No. Everything on this page is for research and learning only — it is not financial, investment, tax, or legal advice, and nothing here is a recommendation to buy or sell any security. Perplexity can gather and summarize information quickly, but it can still be wrong, out of date, or missing context. Always verify every figure against primary sources such as the company's SEC filings, its investor-relations page, or your broker, and consider talking to a licensed professional before making any decision. Markets move, and past performance does not predict future results.

How does Perplexity's Finance mode work?

Perplexity has a dedicated Finance source and mode that reads tickers directly, pulls near-real-time quotes, and surfaces analyst ratings — consensus recommendation and 52-week price targets — alongside tap-through links to primary sources. Its March 2026 update added enhanced deep links straight to SEC filings, so you can jump from a summarized figure to the 10-K or 10-Q it came from. Name the ticker in your prompt, keep the mode on Finance, and you will get cited quantitative answers instead of generic web text.

Why do the prompts ask for an "as of" date on every figure?

Prices, market caps, yields, and analyst targets change constantly, so a number without a timestamp is close to useless. Asking Perplexity to append an "as of [date and time]" to every quantitative figure tells you how fresh the data is and stops you from acting on a stale quote. It also makes the answer auditable — you can re-run the same prompt later and see exactly what moved.

How do I get Perplexity to cite SEC filings?

Ask for it explicitly. Tell Perplexity to summarize the latest 10-K, 10-Q, or 8-K and to cite the specific section, page, or note for every claim, then to link the filing on SEC EDGAR. Since the March 2026 enhancement, Finance mode deep-links to filings, so you can tap through and confirm the number in the source document. Treat the summary as a map to the filing, not a replacement for reading it.

Should I use Research mode or the default for finance questions?

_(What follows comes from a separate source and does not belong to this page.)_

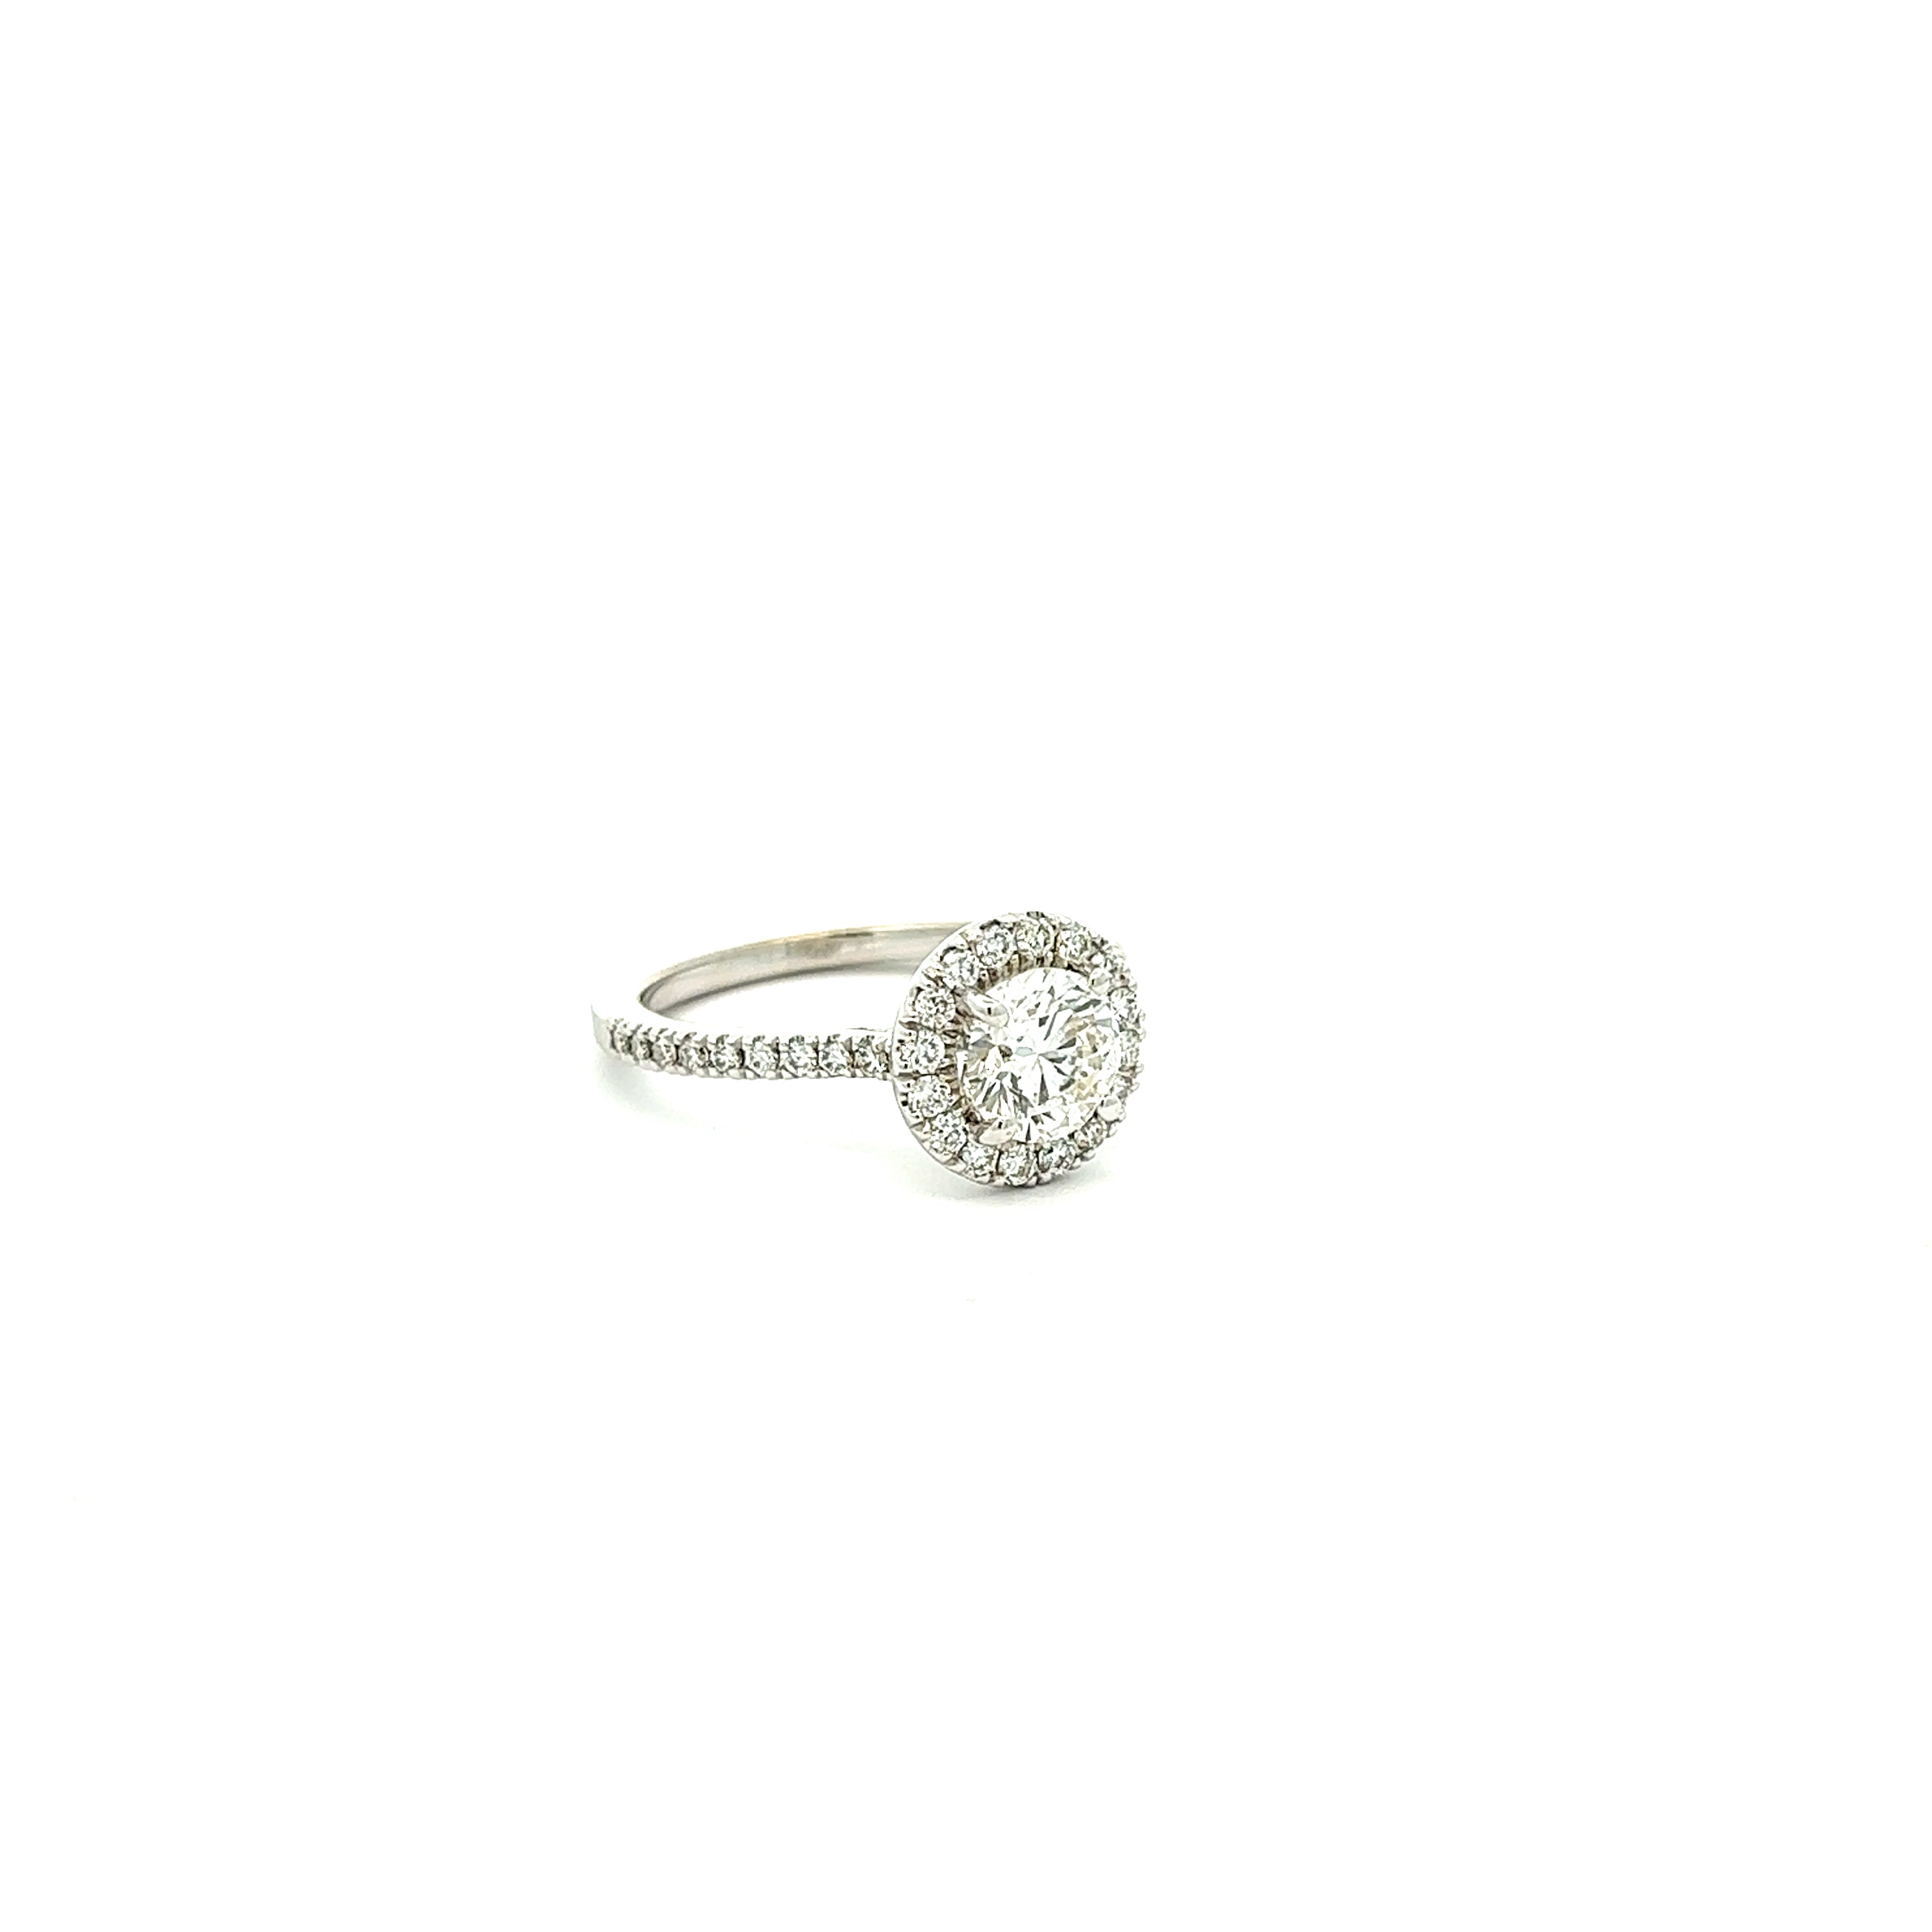 The Terry 18k White Gold Round Halo Diamond Engagement Ring

Use the default Finance mode for quick, single-ticker lookups — a quote, a ratings snapshot, or a one-filing summary. Switch to Research mode for deep dives that pull together many sources: a full company overview, a multi-quarter earnings trend, or a sector scan. Research mode runs more searches and reasons over more documents, so it takes longer but gives a more thorough, better-cited answer. Labs can go further and assemble a comparison spreadsheet you can download.

How do I stop Perplexity from mixing facts with opinion?

Tell it to separate the two. Ask Perplexity to present verified facts with a source citation in one section and any analysis or interpretation in a clearly labeled second section, and to flag where sources disagree or where data is missing rather than guessing. This keeps you from mistaking a model's inference for a reported number, and it makes conflicting data — different figures on different sites — visible instead of silently averaged.

Can Perplexity build a stock comparison table or spreadsheet?

Yes. Ask for the output as a table with tickers as columns and metrics as rows — valuation multiples, growth, margins, analyst consensus — and Perplexity will assemble it with a citation and an "as of" date per figure. For a downloadable spreadsheet with more rows or live-updating cells, use Perplexity Labs, which can build a small comparison model. Always spot-check a few cells against the primary source before you rely on the table.